Alpha-1 antitrypsin deficiency is an inherited genetic disorder that affects the lungs. While it can also affect the liver, Alpha-1 antitrypsin deficiency, also known as Alpha-1, primarily affects the lungs. People with the condition do not have the ability to create enough AAT, which is a protein that protects the liver and lungs.
Because they do not have enough AAT, people with Alpha-1 are at increased risk for lung diseases and disorders. They do not have the same level of resistance and protection for their lungs, which puts them at higher risk. People with Alpha-1 antitrypsin deficiency are most at risk for emphysema and COPD, two conditions that cause reduced lung capacity, coughing, breathing difficulties, and more.
Since alpha-1 antitrypsin deficiency is a congenital disorder, there is no way to prevent it. There is also no permanent cure for the condition. There are, however, lifestyle changes and treatments that can help mitigate symptoms and prevent complications. Having Alpha-1 diagnosed and treated is important because extreme complications of Alpha-1 can be life-threatening.
Currently, the best treatment for Alpha-1 antitrypsin deficiency is augmented therapy. Augmented therapy is where you receive donated AAT proteins from other people. The increase in AAT is often enough to supplement the missing proteins and protect your lungs and liver. That way, your lungs have natural protection, and you are less likely to get lung diseases.
However, augmented therapy is only meant to prevent future lung problems and not to help current ones. Therefore, if you have Alpha-1 and it caused emphysema or other lung problems, augmented therapy cannot undo that damage. Because of how augmented therapy works, it is important to have Alpha-1 antitrypsin deficiency diagnosed early on so that you can start treatment as quickly as possible.

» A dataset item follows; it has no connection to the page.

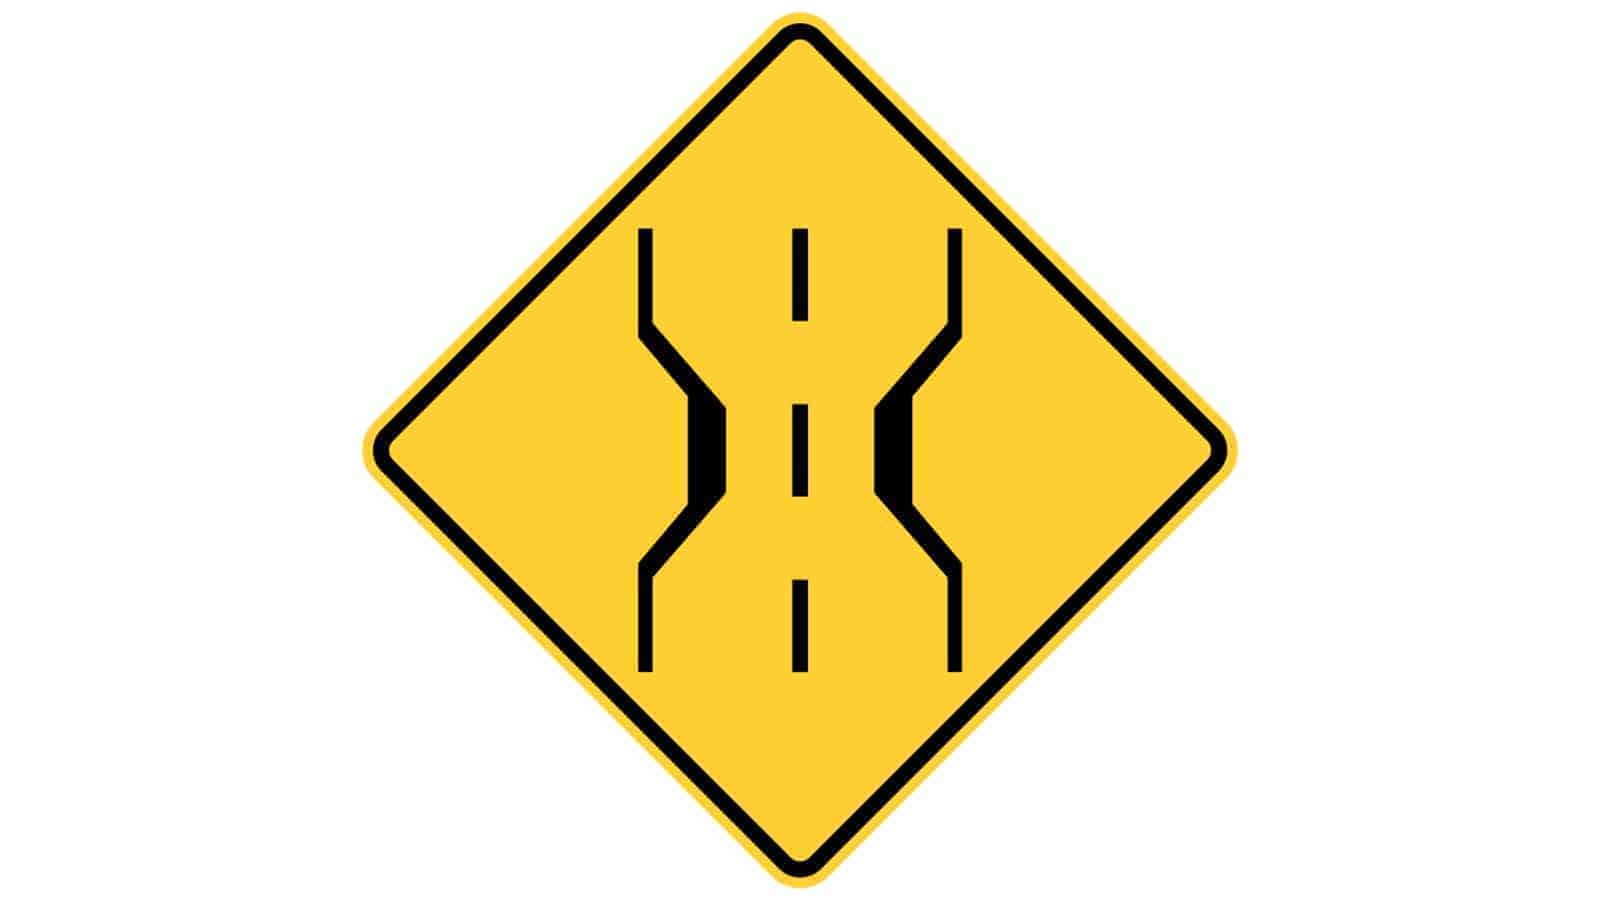 Warning sign narrow bridge ahead

Aside from augmentation therapy, bronchodilators are the primary treatment used for Alpha-1 antitrypsin deficiency. Bronchodilators, such as formoterol and salbutamol, are medications that relax the muscles and airways in your lungs. By relaxing the muscles in the walls of the lungs, they do not constrict, and it is easier to breathe.

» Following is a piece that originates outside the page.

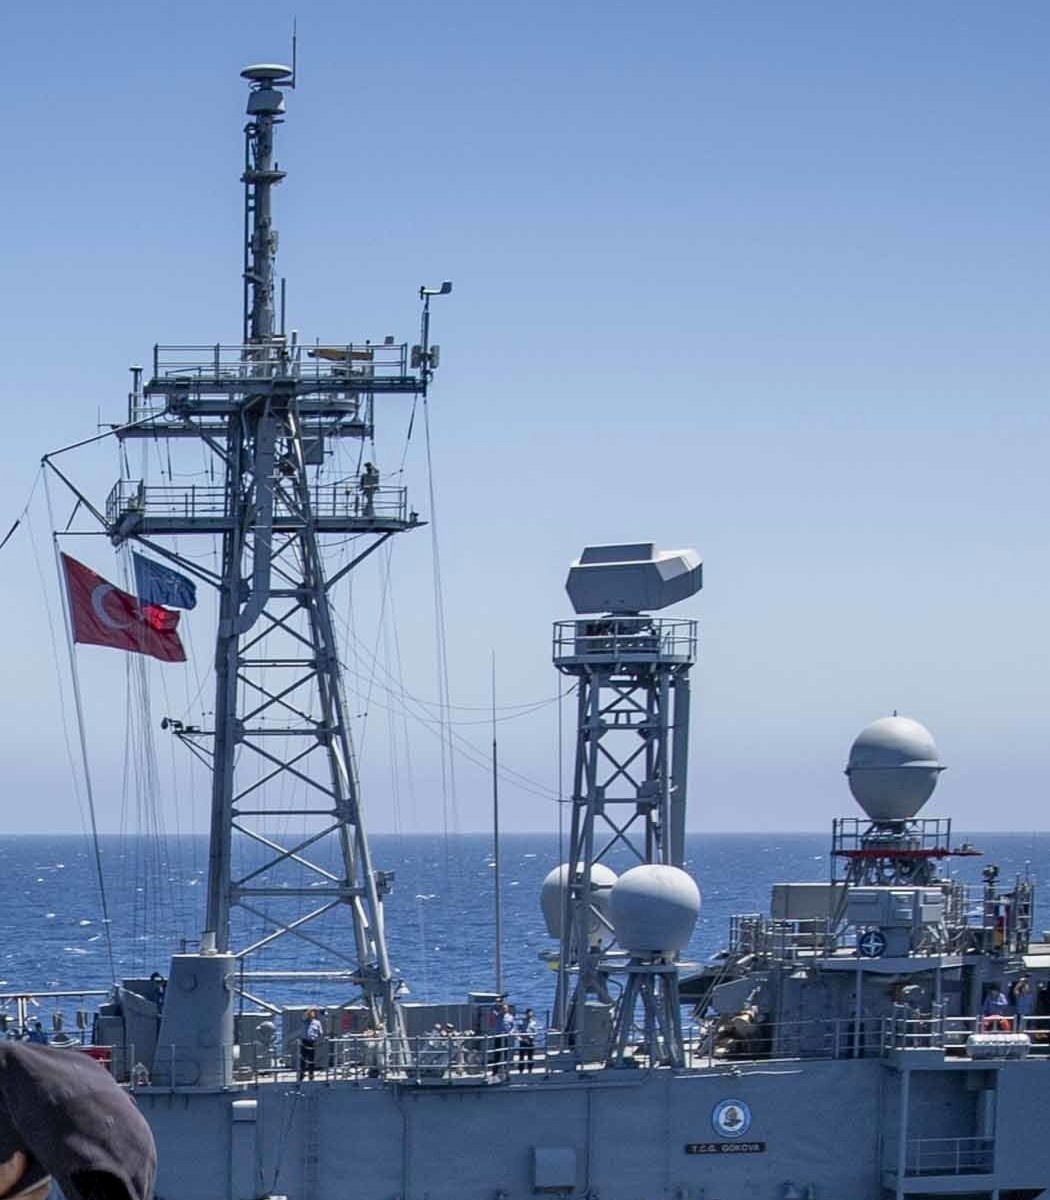 gabya g-class perry frigate ffg turkish navy türk deniz kuvvetleri mast antenna radar details

As with augmentation therapy, bronchodilators are not a cure for Alpha-1. They make it easier to breathe and can mitigate the symptoms and complications of Alpha-1 antitrypsin deficiency. Bronchodilators are especially useful as an emergency treatment if you are in the midst of breathing difficulties.
In some cases, Alpha-1 can cause potentially life-threatening complications. This is especially true when it leads to emphysema or COPD. When Alpha-1 gets bad enough, you may not be able to breathe on your own, and you will need oxygen therapy. Oxygen therapy is typically administered via a nasal cannula or a ventilator and is only used in extreme situations.
If you have had Alpha-1 antitrypsin deficiency for a while and it has caused permanent lung damage, you can benefit from pulmonary rehabilitation. Pulmonary rehabilitation includes breathing exercises and learning new breathing techniques to make breathing easier with lung damage. Pulmonary rehabilitation is typically administered by a physical therapist or respiratory therapist, as they have the most knowledge about how to help your lungs.
If you want to avoid more in-depth treatments, the best way to treat Alpha-1 is with lifestyle changes, such as smoking cessation. Smoking is one of the worst things you can do if you have Alpha-1, and it is essential to quit smoking if you currently do.
It is important to have Alpha-1 antitrypsin deficiency diagnosed and treated as early as possible. If treatment begins early enough, you can avoid most of the potential complications of Alpha-1, such as emphysema and COPD. If your lungs become so damaged that you can no longer breathe on your own, you will need a transplant. However, this is the worst-case scenario and Alpha-1 does not progress that far with proper treatment.